The DA decided to release nearly 10 minutes of tense -- and sometimes heart-wrenching -- body-worn camera of the incident, which concludes with Officer Flagler carrying the injured child -- still wearing a green Teenage Mutant Ninja Turtles t-shirt -- to safety. Officers can be heard clearing a path for the injured child as he's rushed to a waiting ambulance.

"You got it, buddy! Hang in there! Hang in there!" Flagler implores the child, who moans and called for his mommy as the officer carried him.

The beginning of the video shows the tense moments in which the uncle threatened officers with a gun, reached for the officer and was shot.

The next several minutes, officers can be heard warning that the uncle was still holding the weapon while moving on the ground. He apparently never let go of the weapon.

Officers implored the uncle to let them tend to the child, but they couldn't enter because of the perceived threat of the uncle with the gun. Eventually, officers determined the gunman wasn't moving and got the kid out.

It turned out that the elder Russo didn't have bullets in his unregistered handgun with no serial number. Officers had no way of knowing that at the time, Fitzpatrick said.

It's also unclear whether Russo's movements on the ground were intentional, or his body's response to the lethal gunshot wound.

In any case, Fitzpatrick said his first reaction to the video was appreciation for the officers' actions. And that was coupled with his sympathy for the little boy.

"What you saw here today is SPD's finest," the DA said. "That situation could have been far more deadly than it was."

But as a father himself, Fitzpatrick said the little boy's agony pained him. "The first time I saw it, I cried," he said.

The DA concluded by bemoaning the violence and mental health issues that cause these types of tragedies.

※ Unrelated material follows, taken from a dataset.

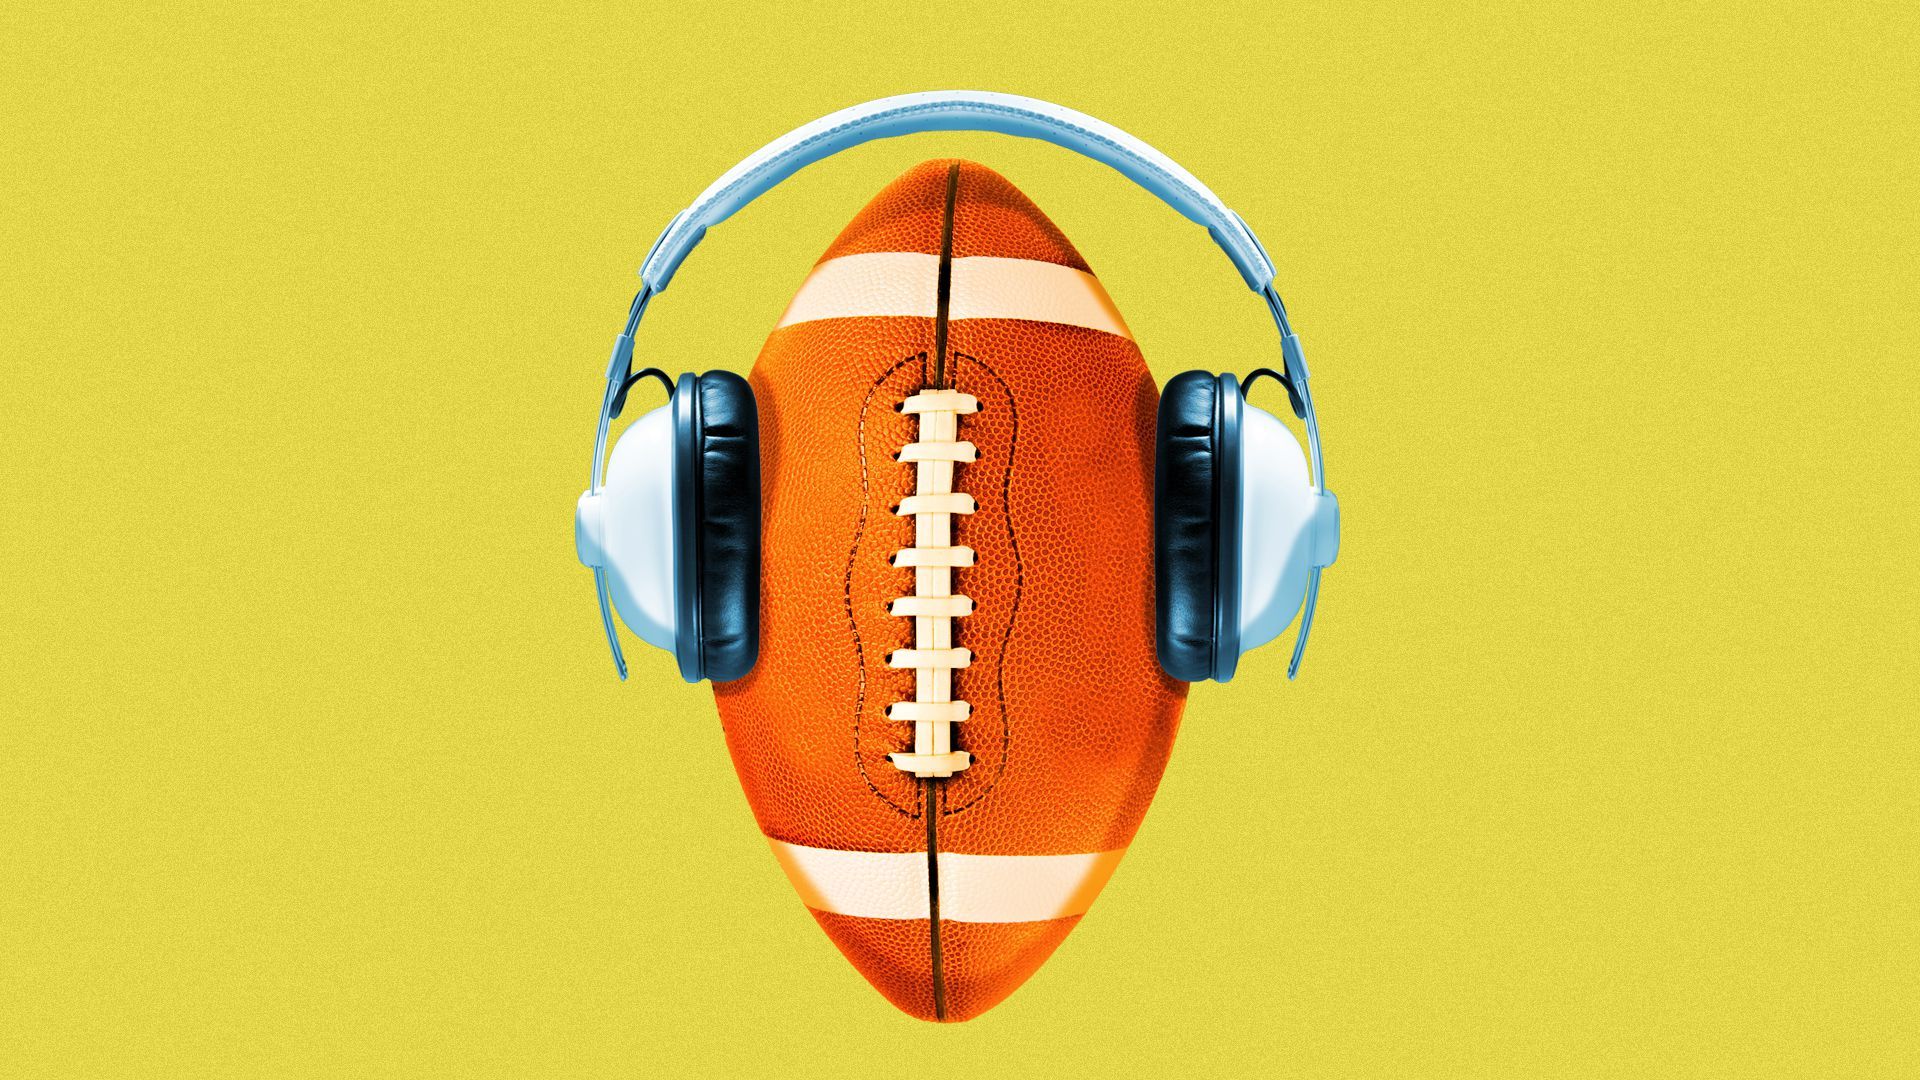 Illustration of a football with headphones on

But he saved his biggest wrath for the prevalence of untraceable guns, called "ghost guns," that have no serial numbers or other identifying information. It's unclear how the elder Russo got his gun -- he's a convicted gang member and felon -- but such guns can be purchased in parts over the internet and put together, Fitzpatrick said.

As for why Miguel Russo would shoot his own nephew, the DA said there are still no answers. Family had reported Russo acting erratically -- they'd called police earlier that day on him -- but there's no known documented history of mental illness, the DA said.

Authorities are still awaiting tests to see if Russo was drunk or high. But even that wouldn't explain his motive, the DA said.


----------



## Hush (Feb 1, 2009)

I think waiting to effect a rescue because of a perceived threat is unacceptable. If he's holding a gun and refusing to follow commands and you have a child or downed officer you need to get to...continue to inject rounds until the threat is no longer. In this video, look how long they dicked around while the killer stood there holding his rifle. Drop him, and go in for the rescue.


----------



## RodneyFarva (Jan 18, 2007)

Its been a while since I watched that, its still infuriating they didn't turn that guys head into a fine pink mist.


----------



## Hush (Feb 1, 2009)

Ranking officer was a female Sgt, supposedly everyone on scene deferred to her rather than take action. He was still agonal breathing, but probably a goner.... but fuck that shooter. Give him a warning, then drop him and move in for recovery. 

Sent from my moto g(7) power using Tapatalk


----------



## USAF286 (May 20, 2011)

Yeah I haven’t watched that in a while either but hearing his breathing was tough to listen to. 


Sent from my iPhone using Tapatalk


----------



## LA Copper (Feb 11, 2005)

Hush said:


> I think waiting to effect a rescue because of a perceived threat is unacceptable. If he's holding a gun and refusing to follow commands and you have a child or downed officer you need to get to...continue to inject rounds until the threat is no longer. In this video, look how long they dicked around while the killer stood there holding his rifle. Drop him, and go in for the rescue.


Memories of Deputy Kyle Dinkheller in Georgia.


----------